• PROVIDED DATA:
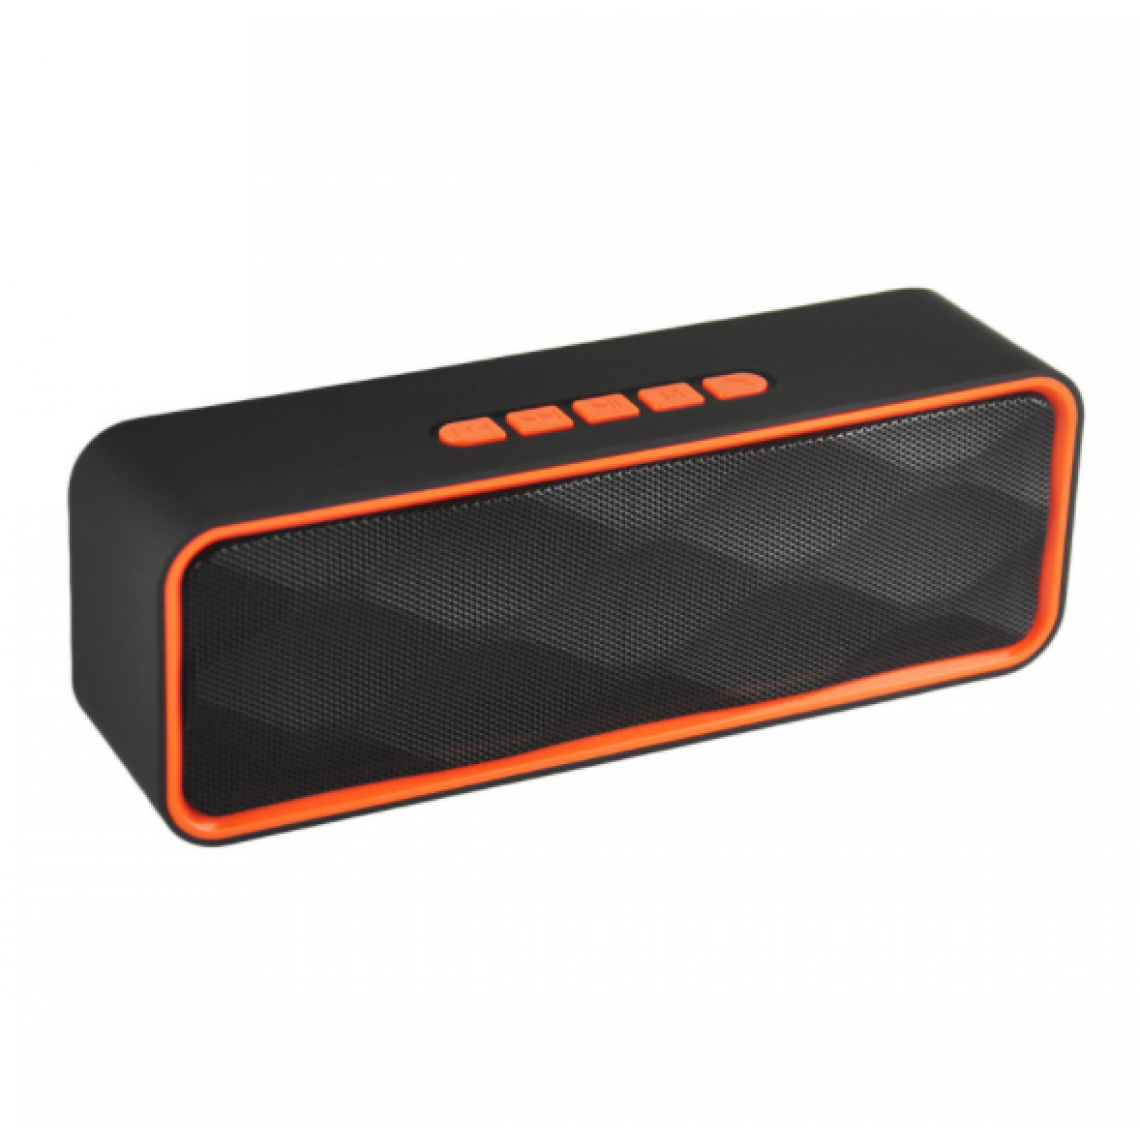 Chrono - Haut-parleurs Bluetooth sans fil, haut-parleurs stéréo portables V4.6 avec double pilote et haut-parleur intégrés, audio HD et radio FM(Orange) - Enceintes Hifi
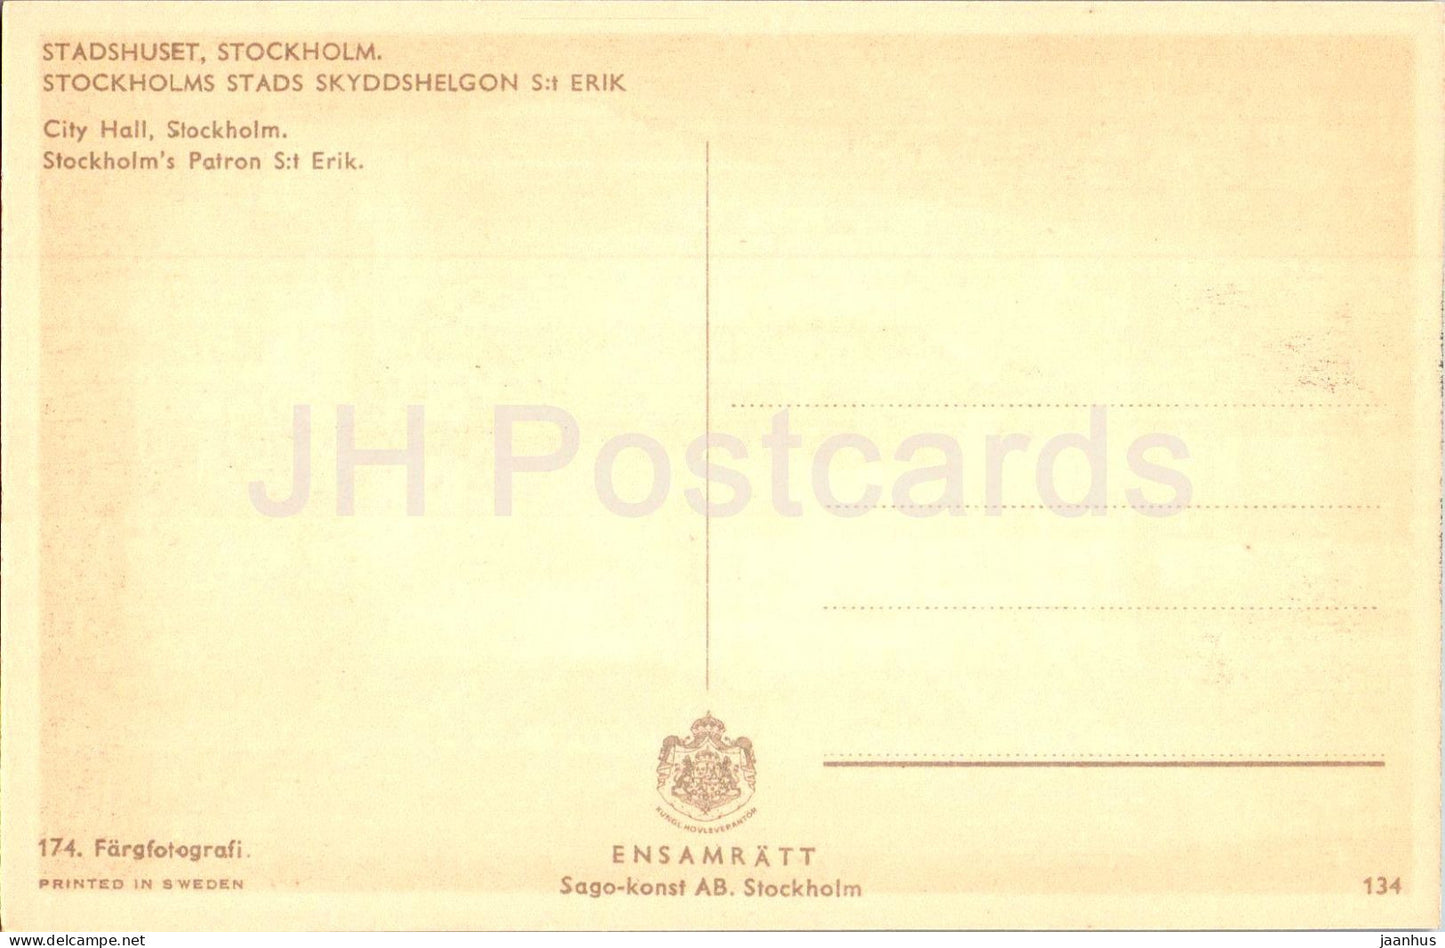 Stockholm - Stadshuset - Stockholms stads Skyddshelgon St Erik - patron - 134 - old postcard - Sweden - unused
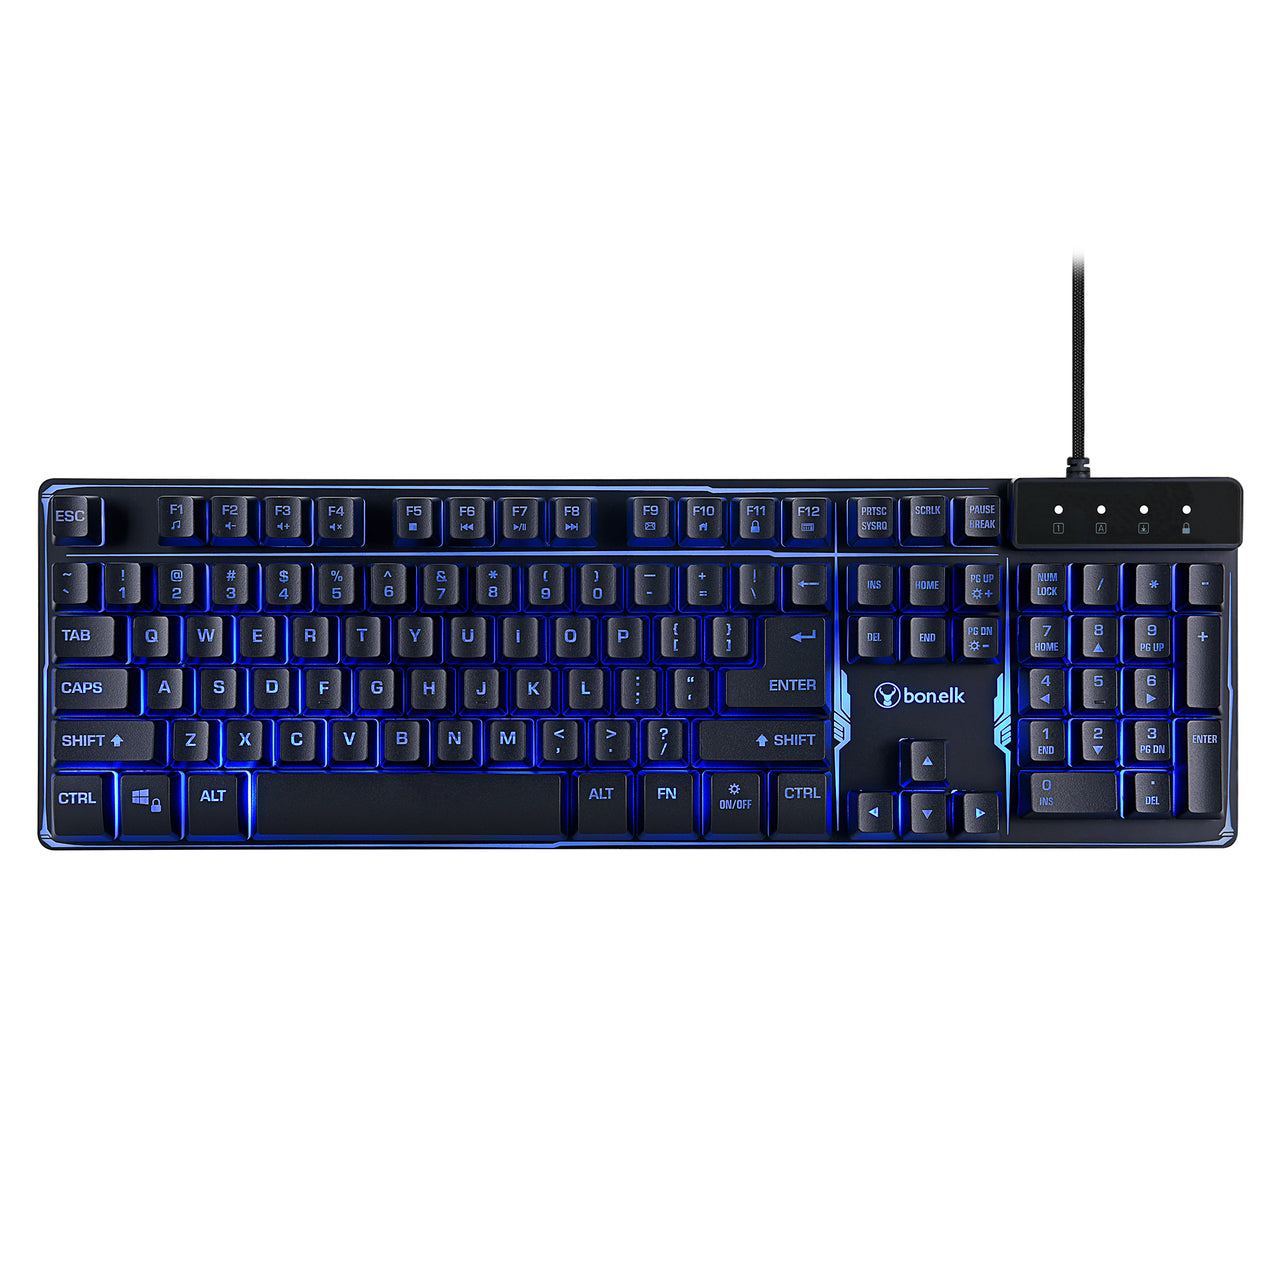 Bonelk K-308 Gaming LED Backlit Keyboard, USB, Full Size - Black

• TASK OBJECTIVE: If the data includes images, skip them and copy every line exactly.

• RESULT OF THIS EXERCISE:
 Chrono - Haut-parleurs Bluetooth sans fil, haut-parleurs stéréo portables V4.6 avec double pilote et haut-parleur intégrés, audio HD et radio FM(Orange) - Enceintes Hifi
 Stockholm - Stadshuset - Stockholms stads Skyddshelgon St Erik - patron - 134 - old postcard - Sweden - unused
 Bonelk K-308 Gaming LED Backlit Keyboard, USB, Full Size - Black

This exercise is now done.